Gregory J. Martin is an American medical doctor and captain in the United States Navy. Martin is a recognized expert in the fields of infectious diseases and bioterrorism.

==Biography==
Martin received his B.S. in biology from Fairfield University in 1980 and M.D. from the Georgetown University School of Medicine in 1986. Martin completed both his internal medicine internship from 1986 to 1987 and his internal medicine residency from 1989 to 1991 at the Naval Medical Center San Diego. He completed an infectious disease fellowship at the National Naval Medical Center between 1991 and 1993.

In 2002, the United States Secretary of the Navy conferred the Legion of Merit Award upon Martin for his pivotal role in the five-month investigation of the 2001 anthrax attacks as well as his role as the on-site infectious disease physician on Capitol Hill during the attacks and the treatment of the staff of Senator Tom Daschle in the aftermath of the attacks. Having served as the principal investigator for the anthrax vaccination protocol set up by the Centers for Disease Control following the attacks, he is also the lead author of a study of the clinical and immunologic responses to anthrax exposure.

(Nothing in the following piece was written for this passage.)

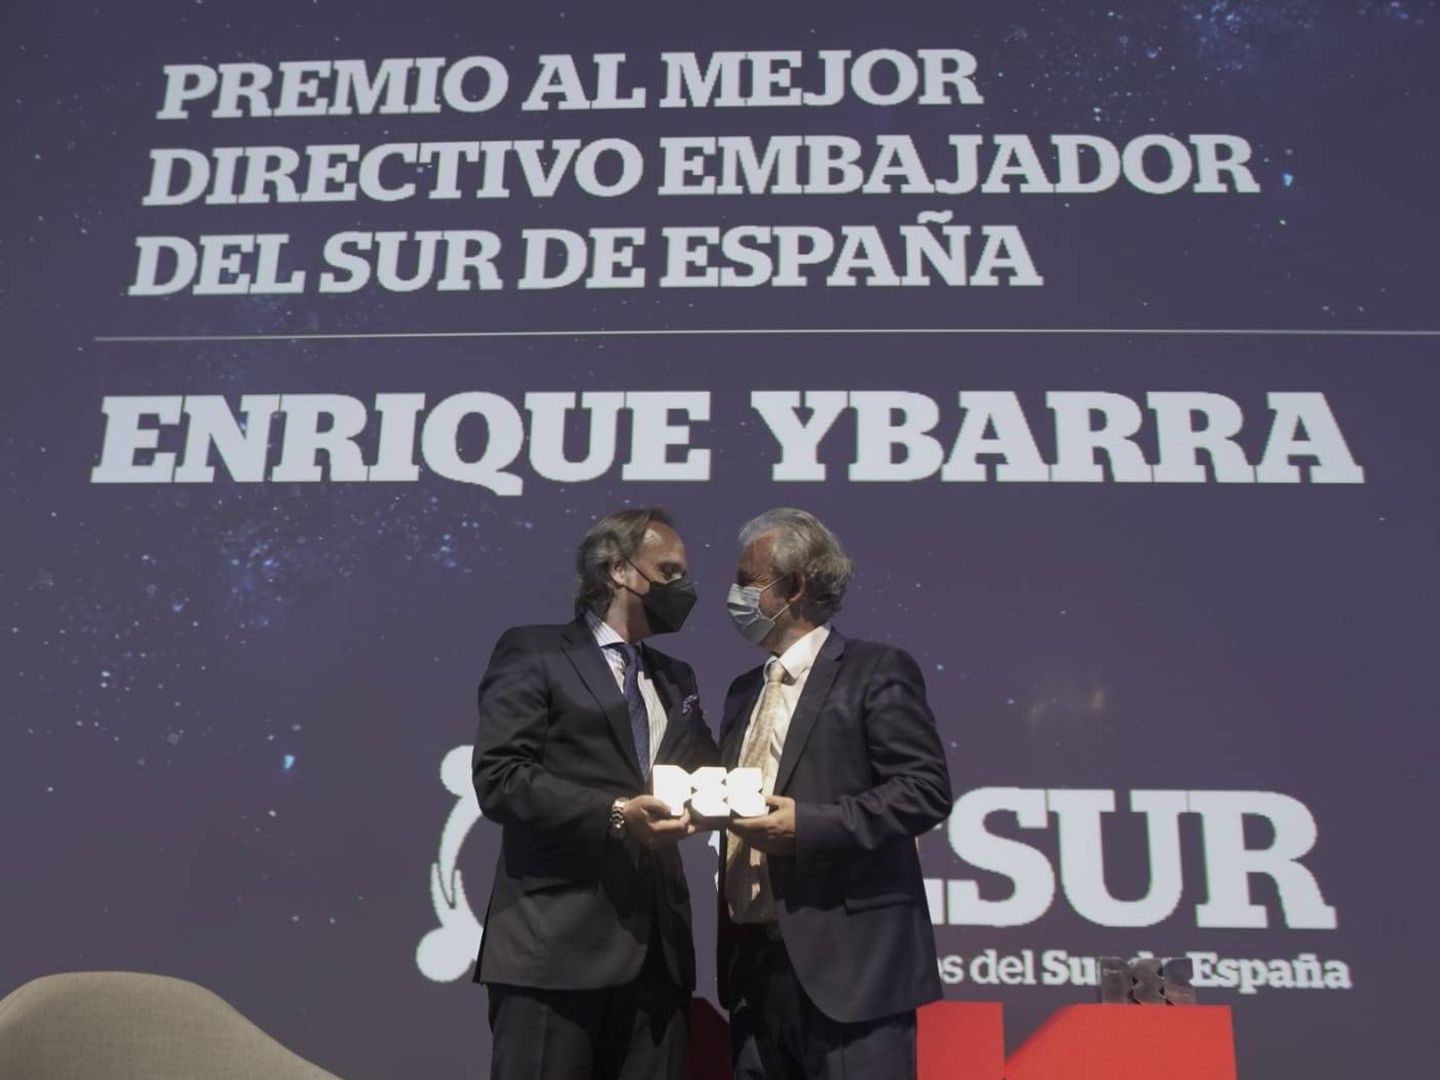 Premio a Enrique Ybarra (Citysightseeing).
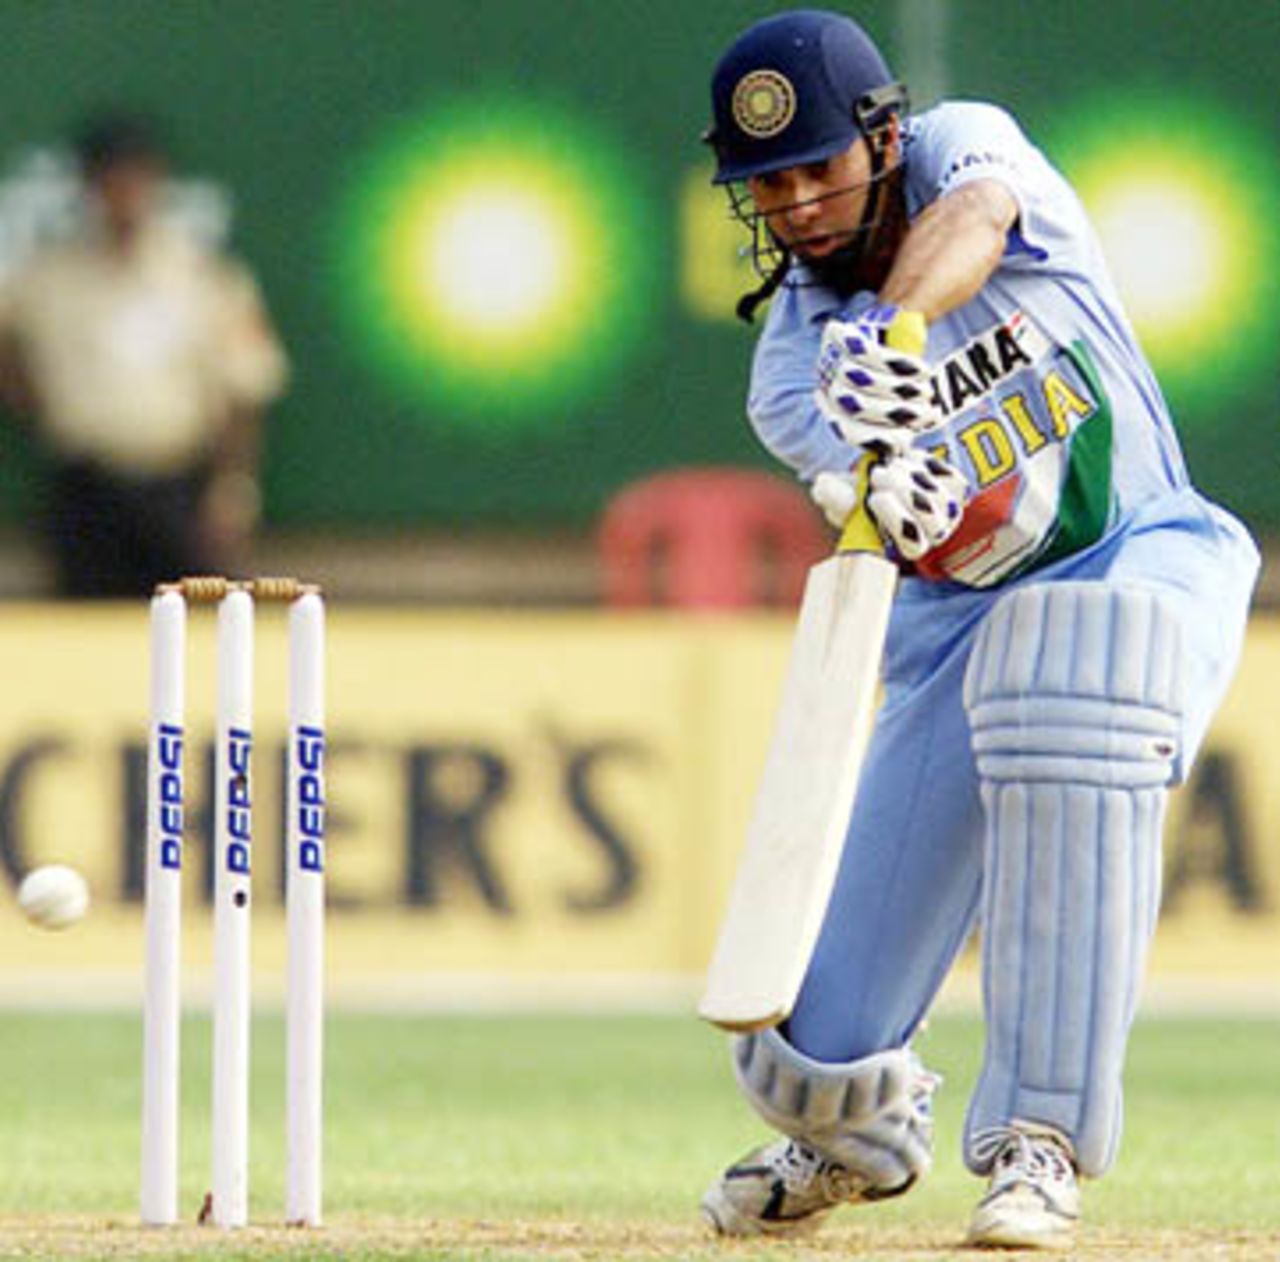 India v Zimbabwe,  3rd One Day International, Nehru Stadium, Kochi, 13 March 2002

In 2003, Martin led the military medical team that examined and cared for members of the United States Marine Corp who had contracted malaria while spending two weeks ashore in Liberia. More than 40 service members from the 26th Marine Expeditionary Unit based out of Camp Lejeune, North Carolina, who were deployed to Liberia in support of Joint Task Force Liberia became sick aboard the USS Carter Hall and the USS Iwo Jima. Fearing worse, Martin's testing efforts ruled out contagious diseases, like Lassa fever and Ebola which have much-higher mortality rates.

Martin is currently the director of the Infectious Disease Clinical Research Program (IDCRP) at the Uniformed Services University (USU). Previously, he served as assistant dean for special programs at USU, focused on the development of graduate courses and training in weapons of mass destruction. He also was the infectious disease program director at the National Naval Medical Center and Walter Reed Army Medical Center.